Related Work & Insights¶
- vs. DD1: DD1 constructs a deterministic mapping via flow matching and fits it; DD2 performs distributional matching via score distillation. DD2 comprehensively outperforms DD1 in generation quality (−67% performance gap), training speed (12.3×), and latent space smoothness (PPL halved).
- vs. Diffusion Score Distillation (DMD/SiD): Although both perform score matching, the generation processes of AR models and diffusion models are fundamentally different — AR models perform sequential conditional generation, while diffusion models perform iterative denoising. DD2's contribution lies in extending score distillation from independent variables to sequential variables with AR dependencies.
- vs. Set-of-token prediction (MaskGIT/VAR): Predicting all tokens in a single step discards inter-token correlations (as illustrated by the {(0,0),(1,1)} example). DD2 preserves these correlations by performing conditional score alignment at all positions via CSD.
Rating¶
- Novelty: ⭐⭐⭐⭐⭐ — Introduces score distillation into AR model acceleration; the reinterpretation of AR models as score models is highly creative.

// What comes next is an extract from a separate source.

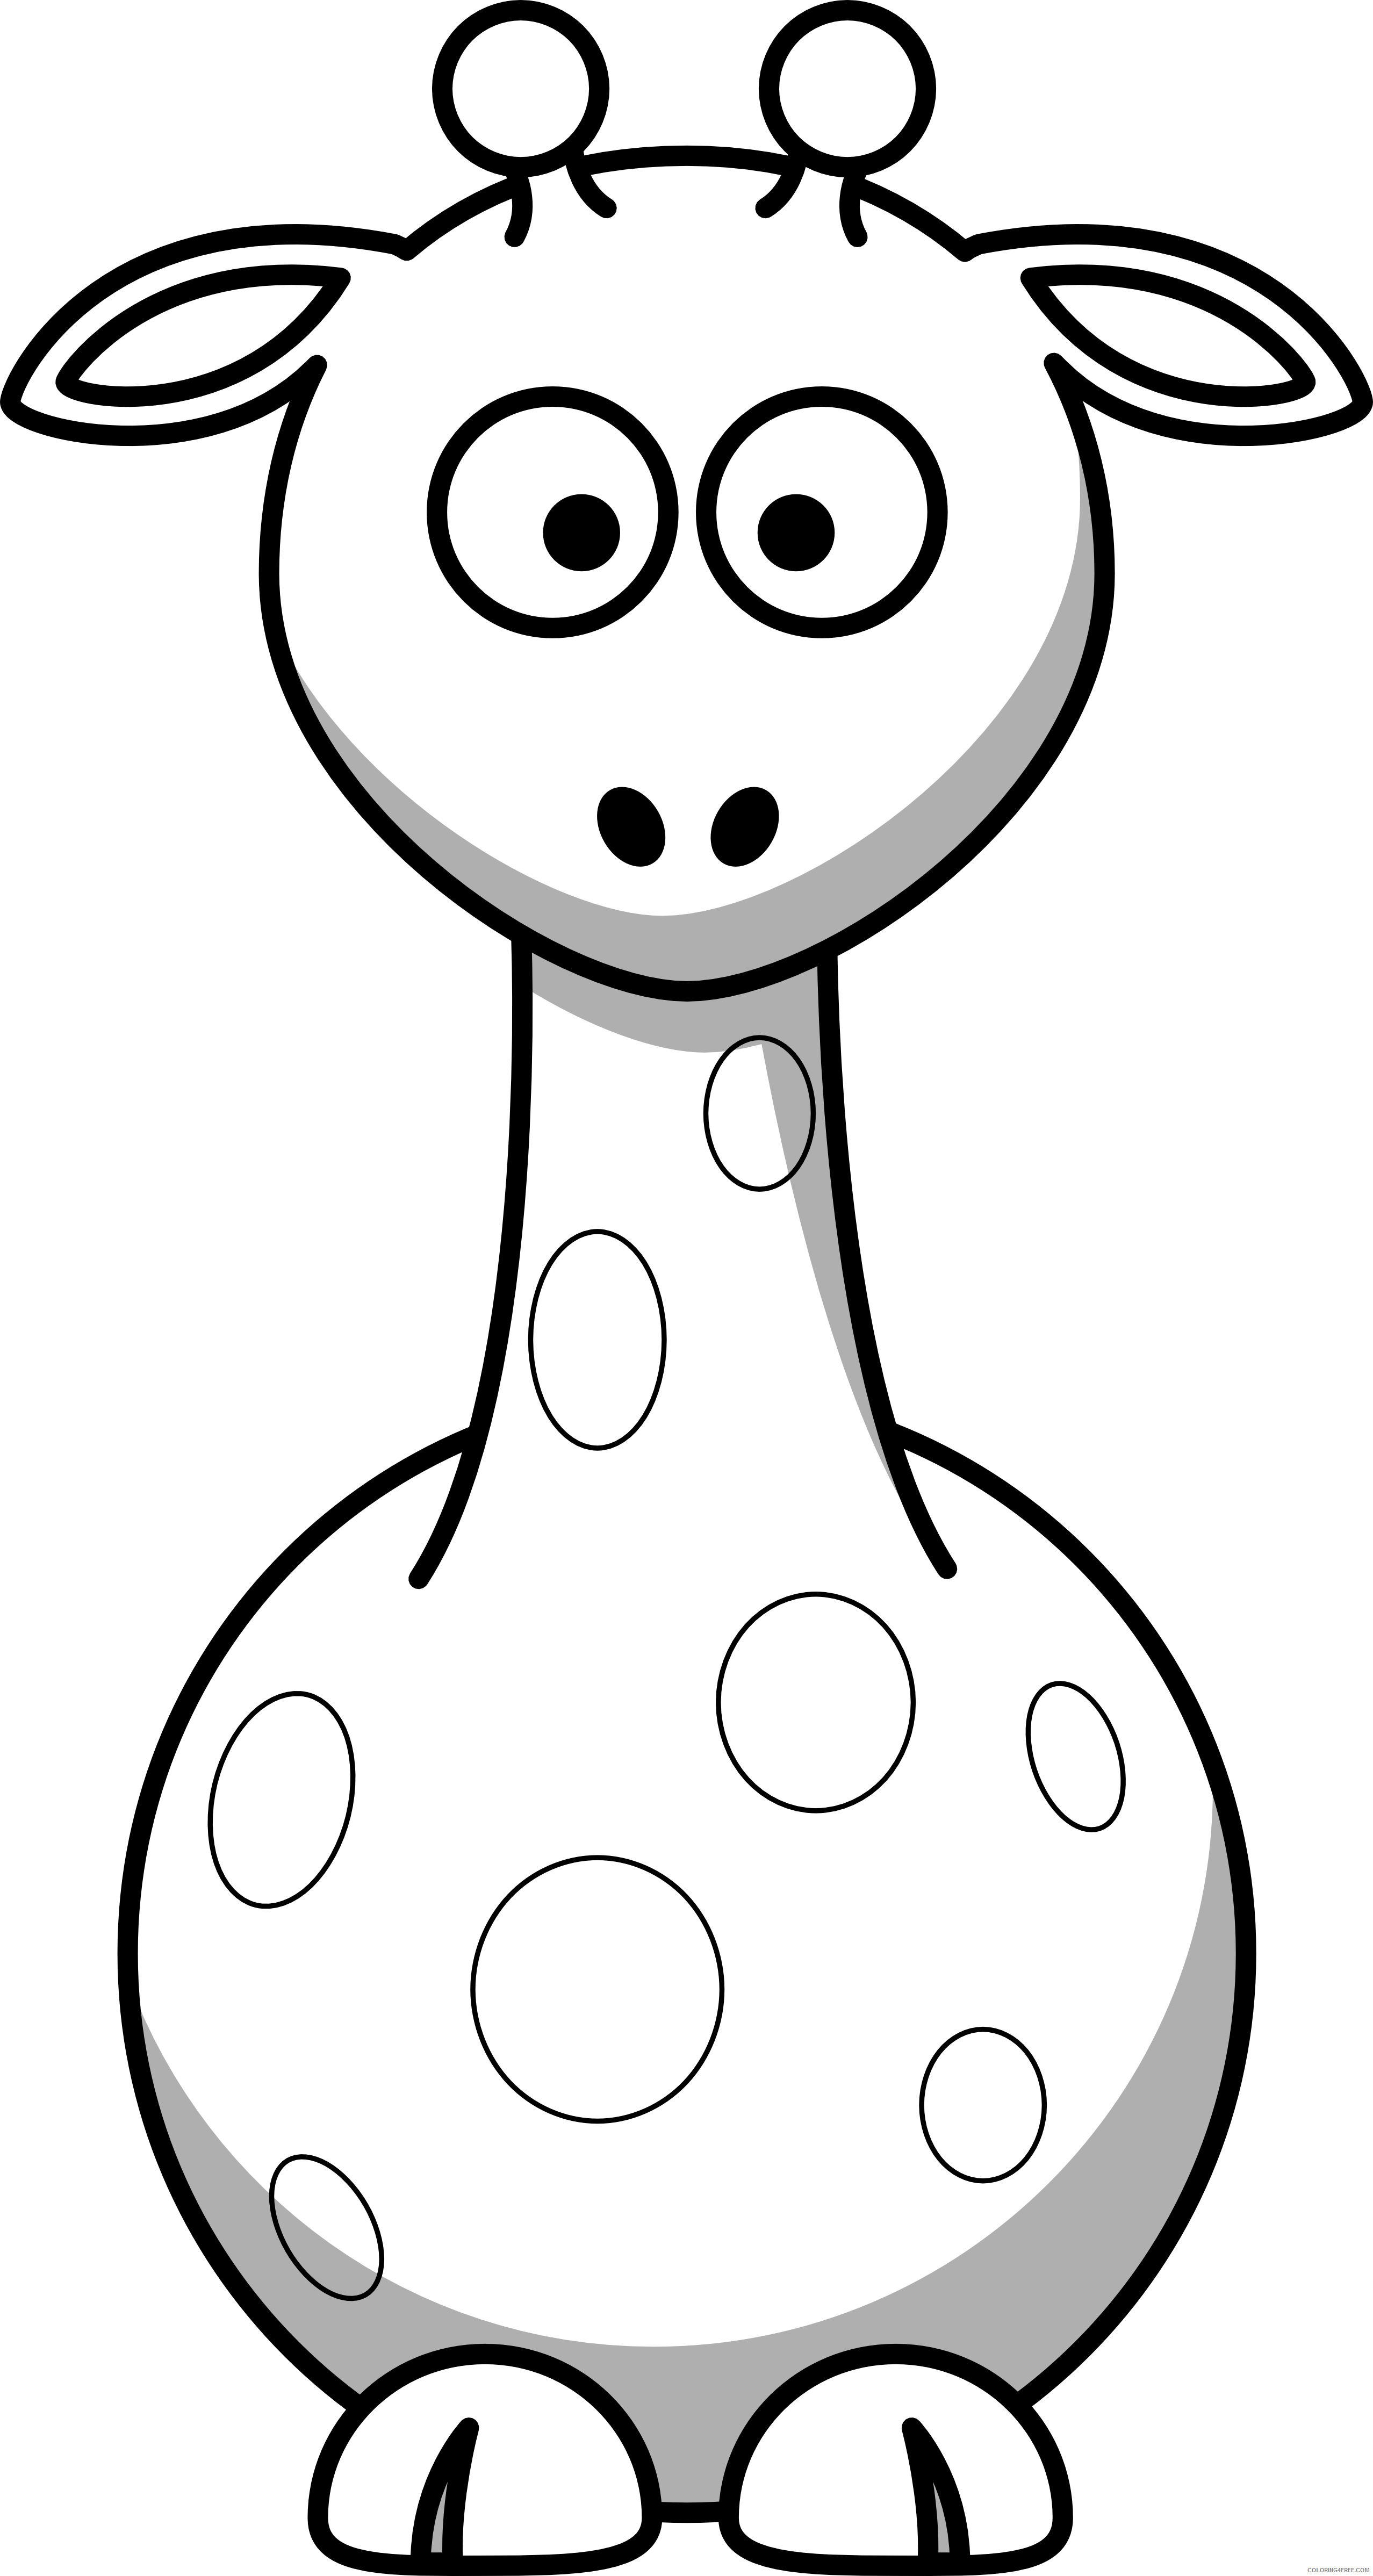 Giraffe Coloring Pages giraffe black and Printable Coloring4free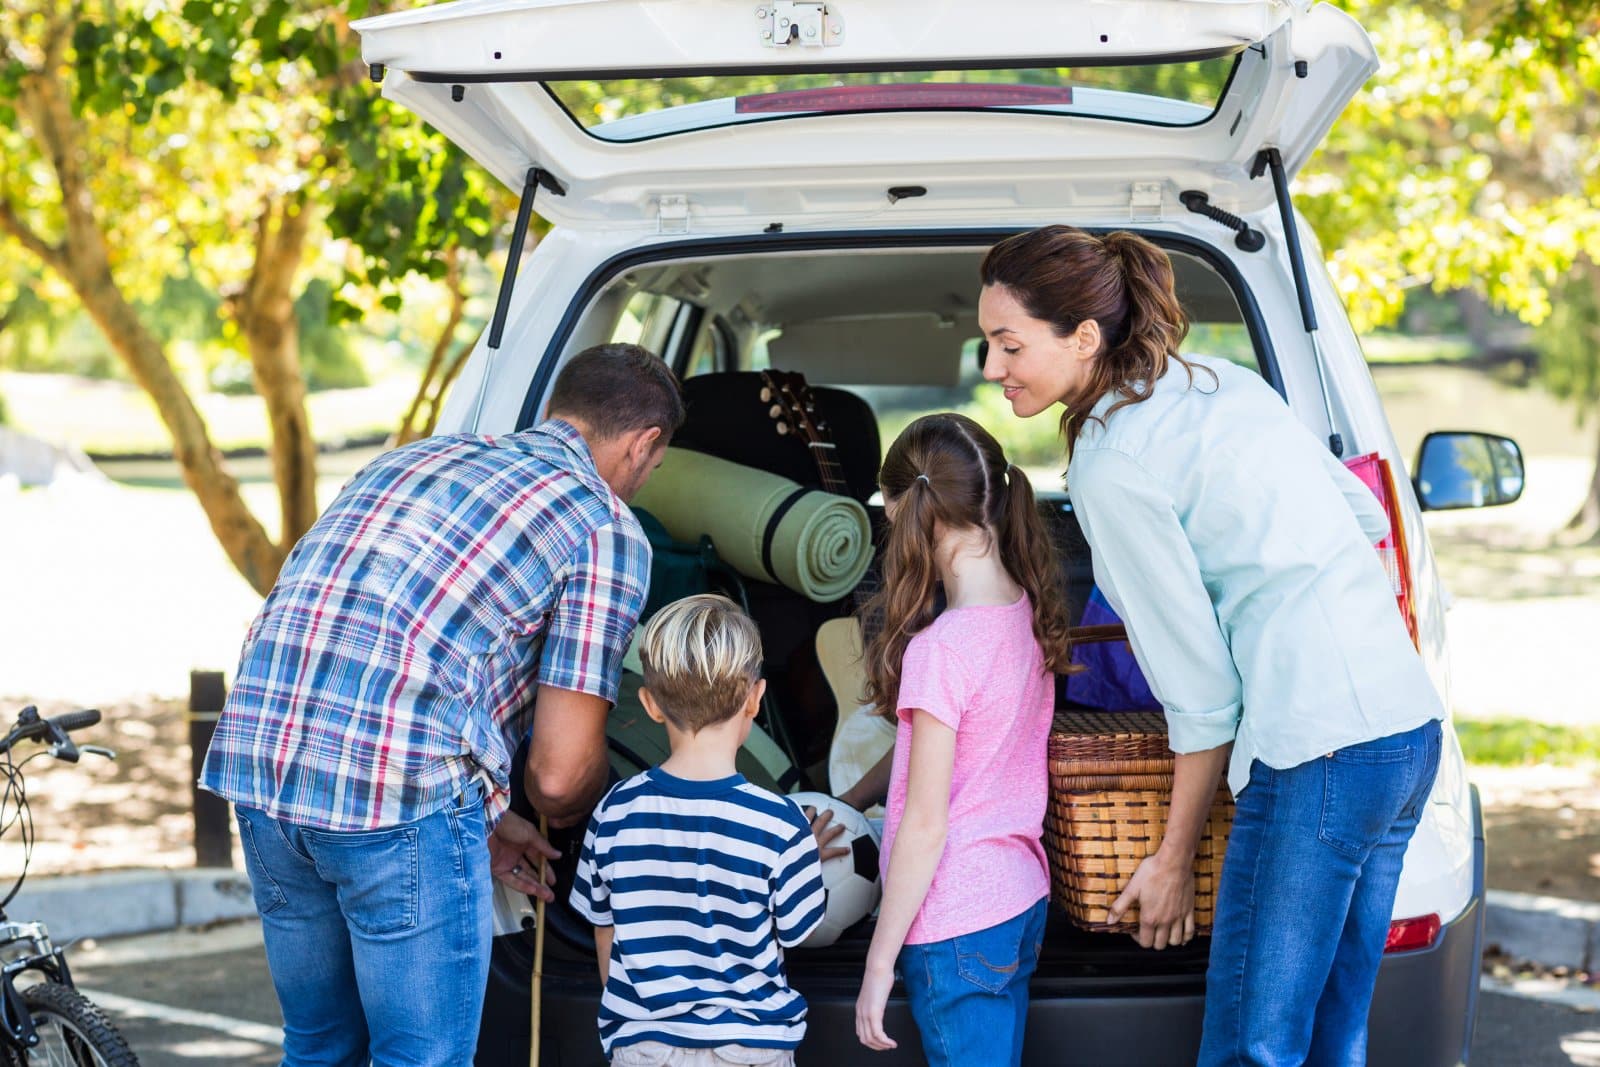 <p class="wp-caption-text">Image Credit: Shutterstock / wavebreakmedia</p>  <p><span>Ensuring your vehicle is up to the task is paramount for a smooth road trip experience. A thorough inspection by a professional mechanic can preempt any potential issues during your journey. Consider your family’s comfort and space requirements; a vehicle crammed with luggage and passengers can quickly become uncomfortable.</span></p> <p><span>Opt for a car with ample legroom, reliable air conditioning, and entertainment options like built-in DVD players or audio systems compatible with mobile devices. This preparation extends beyond mechanical readiness to organize the interior space efficiently, ensuring that essentials are within easy reach and the cabin remains clutter-free and conducive to a pleasant drive. </span></p> <p><span>A reliable and comfortable vehicle is crucial for a successful road trip. Before departure, a comprehensive check-up covering tires, brakes, fluids, and air conditioning can prevent roadside headaches. Consider the size and comfort of your vehicle, especially if you’re traveling with a large family or young children who may need room for car seats and entertainment devices.</span></p> <p><b>Insider’s Tip:</b><span> Renting a vehicle can be a wise choice for long trips. Opt for models with high safety ratings and amenities like DVD players or built-in GPS to enhance the travel experience.</span></p>

- Experimental Thoroughness: ⭐⭐⭐⭐ — Covers two AR model families (VAR + LlamaGen), multiple model sizes, and includes comprehensive ablations and comparisons.
- Writing Quality: ⭐⭐⭐⭐ — Motivation and theoretical derivations are clear, though Section 3 is notation-dense.
- Value: ⭐⭐⭐⭐⭐ — A milestone contribution to AR image generation acceleration with potential to reshape the speed comparison between AR and diffusion models.